Robert Coombs

Personal information
- Full name: Robert Vincent Jerome Coombs
- Born: 20 July 1959 (age 67) Chipping Barnet, Hertfordshire, England
- Batting: Right-handed
- Bowling: Left-arm orthodox spin
- Role: Bowler

Domestic team information
- 1985–1986: Somerset
- First-class debut: 14 August 1985 Somerset v Middlesex
- Last First-class: 19 August 1986 Somerset v Surrey

Career statistics
| Competition | First-class |
| Matches | 13 |
| Runs scored | 32 |
| Batting average | 5.33 |
| 100s/50s | –/– |
| Top score | 18 |
| Balls bowled | 2099 |
| Wickets | 32 |
| Bowling average | 34.75 |
| 5 wickets in innings | 1 |
| 10 wickets in match | – |
| Best bowling | 5/58 |
| Catches/stumpings | 3/– |
- Source: CricketArchive, 11 March 2011

= Robert Coombs (cricketer) =

English cricketer

Robert Vincent Jerome Coombs (born 20 July 1959) played first-class cricket for Somerset in 1985 and 1986. He was born at Barnet, Hertfordshire.

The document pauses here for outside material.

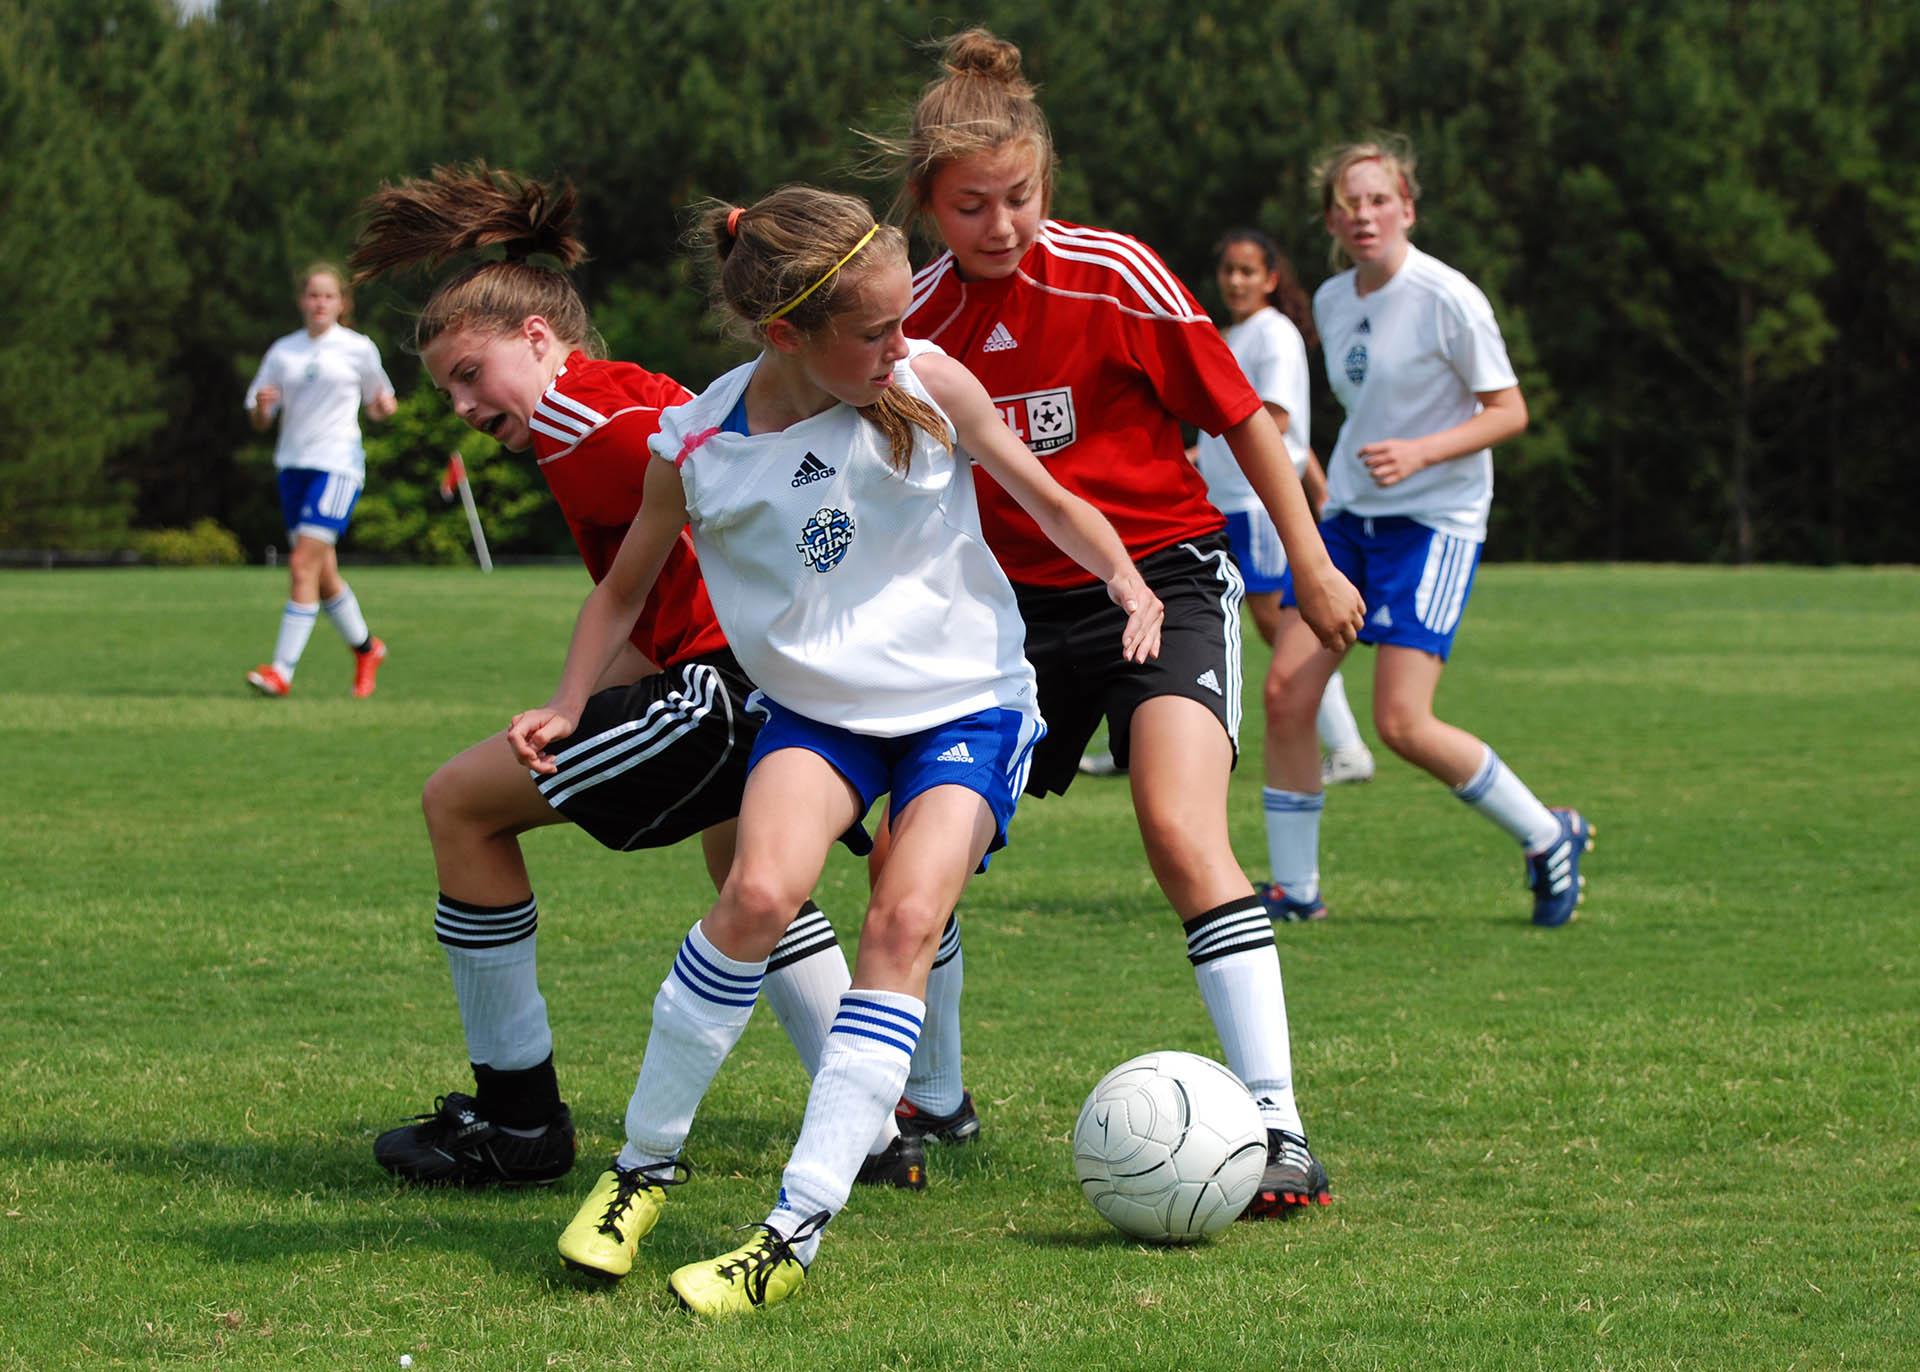 Girls Soccer, Youth Soccer

Coombs was a tall left-arm orthodox spin bowler and a tail-end right-handed batsman. Educated at Exeter University, he had played Minor Counties cricket for Dorset and second eleven cricket for Hampshire before arriving at Somerset in 1985. Brought into the first-team late in an unexpectedly poor season for the county side, Coombs made an immediate impact, taking the first five Middlesex wickets to fall in a rain-ruined match at Weston-super-Mare at a cost of 58 runs. In a soggy end to the 1985 season, Coombs bowled in only three further first-class innings spread across three rain-affected matches, but he took 11 further wickets in those and his 16 wickets at an average of 16.75 put him at the top of Somerset's bowling for the season. Wisden Cricketers' Almanack noted approvingly his "good bowling action and attacking bent". More frequent games in 1986, however, brought little success and the bowling figures from his first match remained the best of his short first-class career. In 1987, he was back playing Minor Counties cricket for Dorset and remained there until 1990. He did not play any List A cricket.